CAT has a significant role in examining communication between patients and health professionals when they are from different cultures. In interviews with twelve physicians, Jain and Krieger (Reference Jain and Krieger2011) highlighted the communication barriers experienced by doctors from a different culture, and described their strategies to overcome them. These included learning American slang, practicing American pronunciation, and changing speech rate. Scholl, Wilson, and Hughes (Reference Scholl, Wilson and Hughes2011) found that physicians and patients downplayed their ethnic identities as factors influencing communication; instead, doctors focused on the need for patients to be competent communicators (by clearly stating their medical concerns), and patients focused on doctors being linguistically competent (and speaking the patient’s language) irrespective of the doctor’s ethnicity. Gasiorek, Van de Poel, and Blockmans (Reference Gasiorek, Van de Poel and Blockmans2015) also invoked CAT to examine how doctors managed consultations in a multilingual hospital, and demonstrated that they used code-switching and nonverbal gestures to make themselves better understood and to promote positive affiliation when language was a barrier. In sum, CAT has the ability to unpack a variety of communication strategies that interactants engage in to achieve communication competence.

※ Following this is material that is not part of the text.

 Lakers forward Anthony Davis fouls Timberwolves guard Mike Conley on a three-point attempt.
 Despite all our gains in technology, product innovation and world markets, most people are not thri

Studies on nurse–parent communication show how CAT can be useful in explicating the differences between effective and ineffective communication, how members of different social groups value different strategies, and how we need to consider the interplay between multiple social group memberships. Jones, Woodhouse, and Rowe (Reference Jones, Woodhouse and Rowe2007) used CAT to explore parents’ perceptions of effective and ineffective communication with nurses in a neonatal nursery and Dordic (Reference Dordic2009) compared mothers’ and nurses’ perceptions. These studies found that effective communication was generally described as accommodative and ineffective communication was most frequently described as underaccommodative but, occasionally, described as overaccommodative. For effective communication, discourse management and emotional expression were the most frequently mentioned strategies, and to a lesser extent interpretability. Both studies showed ineffective communication is not just the opposite of effective communication, but is characterized by nonaccommodative use of strategies such as interpretability, discourse management, interpersonal control, and face (the public self-image of people). For example, comments included being spoken down to or treated as if they were silly, being scolded, and nurses who treated parents as irrelevant or just another parent. These studies also showed how different group memberships interact; for example, Jones et al. (Reference Jones, Woodhouse and Rowe2007) found that mothers mentioned negative face and interpersonal control more when describing ineffective communication, whereas fathers mentioned more the interpretability strategy.
Another interesting line of enquiry that further extends CAT in the health professional and patient domain is research undertaken to explore the role of concordance or discordance of explanatory models (EMs) between doctors and their patients who are being treated for depression. Doctors may believe that the cause of depression (EM) is a chemical imbalance or the result of psychosocial pressures (a different EM), and their belief may differ from that of their patient. This ongoing work investigates the role of effective communication, as operationalized through CAT, in establishing the patient and doctor alliance – even when EMs are discordant (Teh, Reference Teh2014).
Despite the research we have reviewed here on patient–practitioner interactions, there are still relatively few papers explicitly invoking CAT to design their research. Instead, many studies interpretively allude to concepts and strategies, such as approximation or adaptive behaviors, and the role of social identities.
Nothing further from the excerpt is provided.